Bubble sort is a sorting algorithm that compares adjacent elements in a list or an array and swaps them if they are in the wrong order. If there are numbers smaller than the current element at a particular index, they will be swapped. This process is repeated until the list or array is completely sorted.

The name “bubble sort” comes from the way the algorithm works. The largest element, “bubble” to the end of the list, just like bubbles, rises to the water’s surface.

Bubble Sort is one of the simplest sorting algorithms to understand and implement. However, it is not very efficient and can be slow for large datasets.

In this article, we will discuss the Bubble Sort Algorithm in detail, its advantages and disadvantages, its time and space complexity, and how to implement Bubble Sort Programs in C, C++, C#, Java, Python, and PHP.

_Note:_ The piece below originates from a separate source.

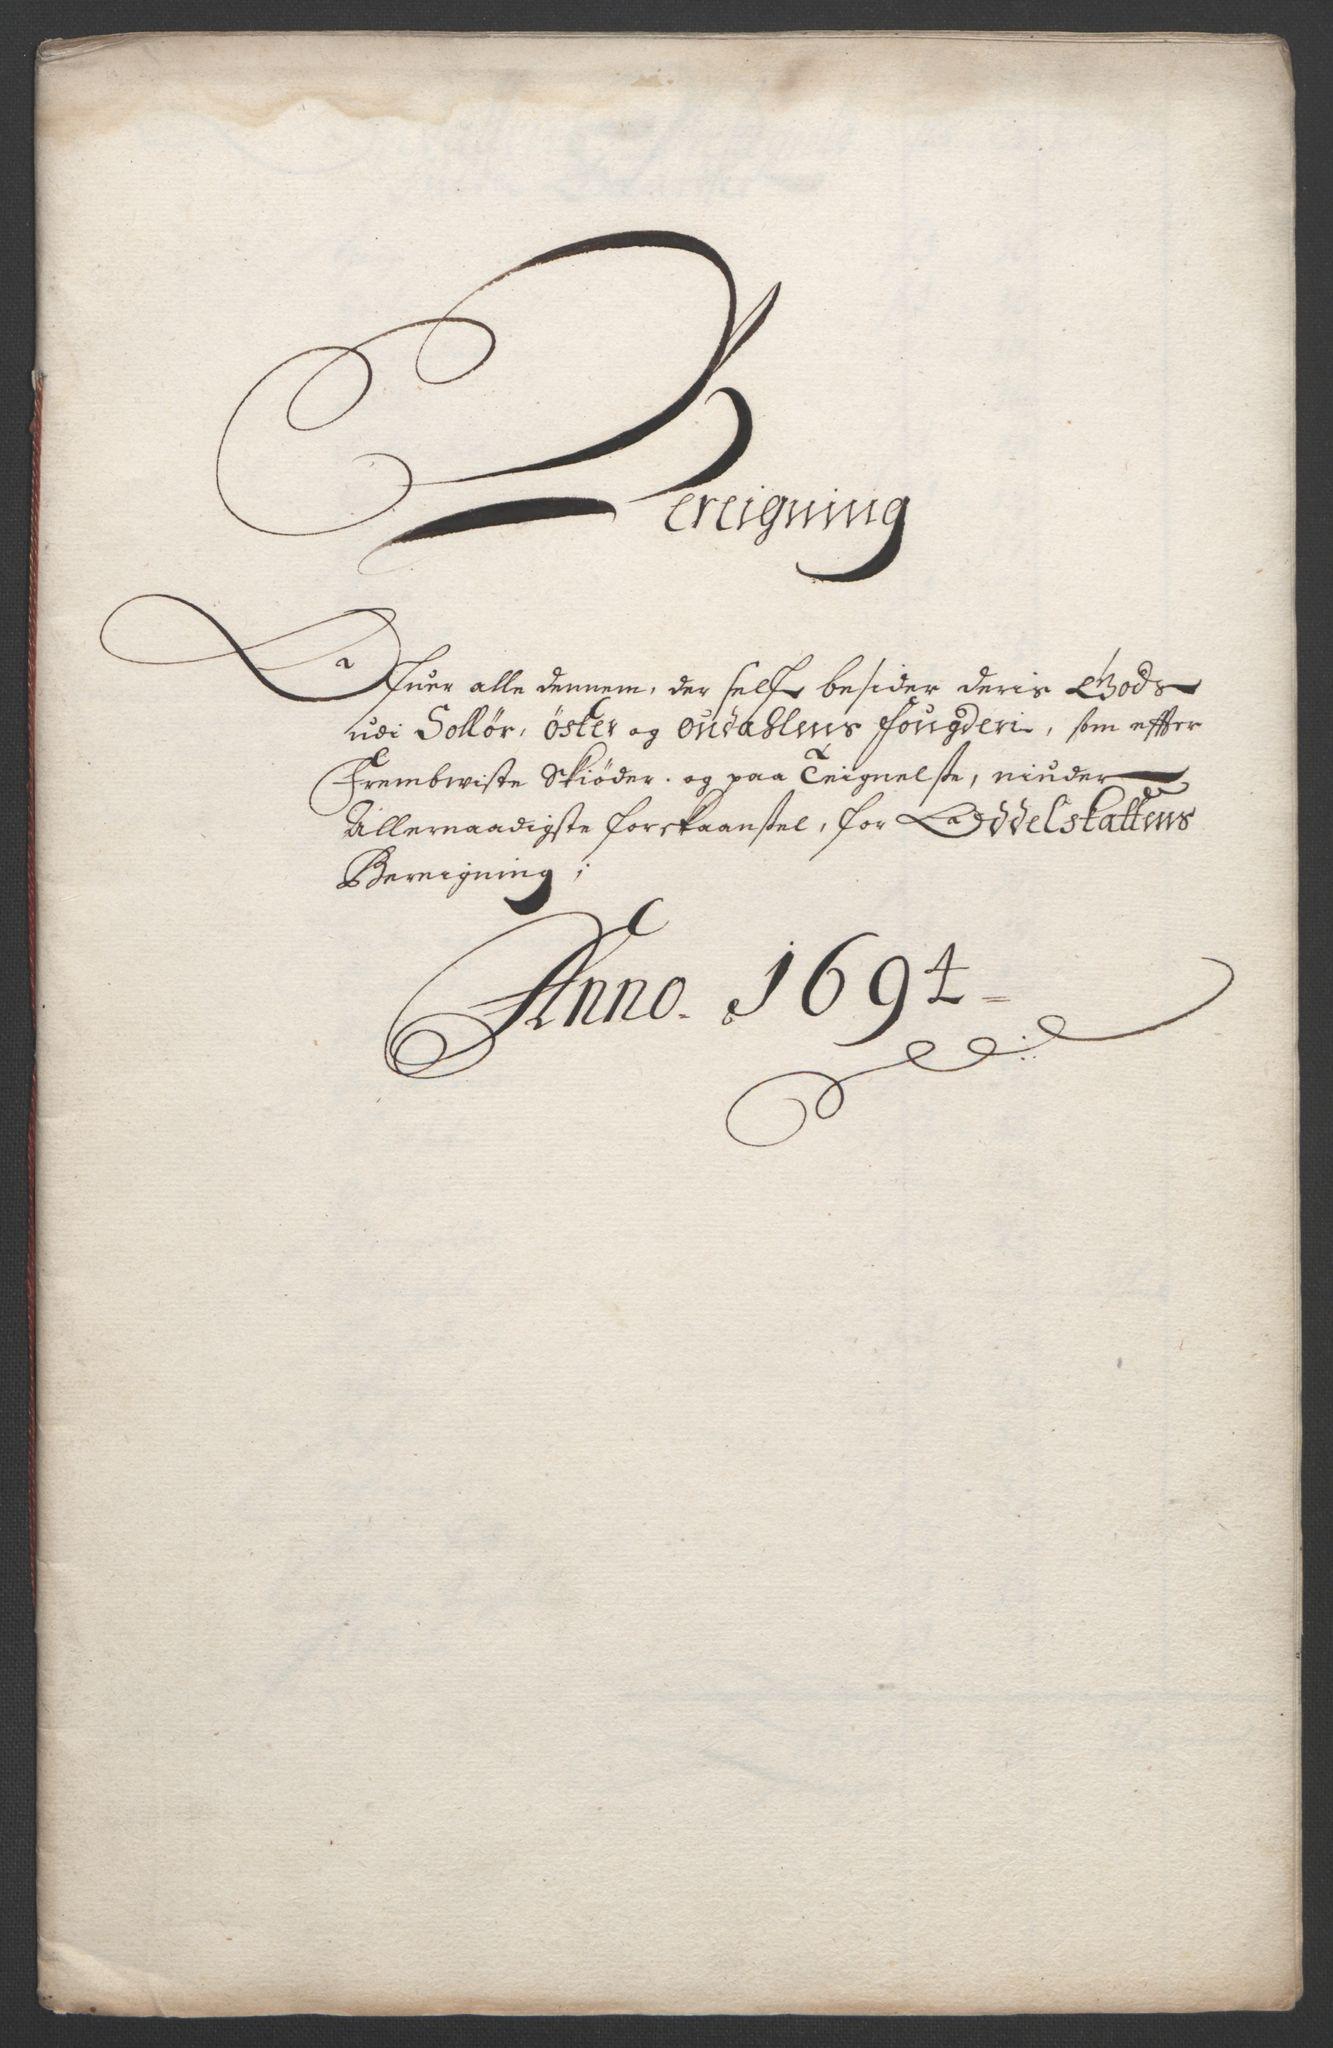 RA, Rentekammeret inntil 1814, Reviderte regnskaper, Fogderegnskap, R13/L0832: Fogderegnskap Solør, Odal og Østerdal, 1694, s. 331

## How does Bubble Sort Work?

Bubble sort works by repeatedly swapping adjacent elements that are in the wrong order. It begins by comparing the first two elements of the list. If the first element is greater than the second, they are swapped.

The algorithm then moves on to compare the second and third elements, and so on, until it reaches the end of the list.

After the first pass, the largest element will be placed at the end of the list. The algorithm then repeats the process for the remaining elements, swapping them until the list is sorted.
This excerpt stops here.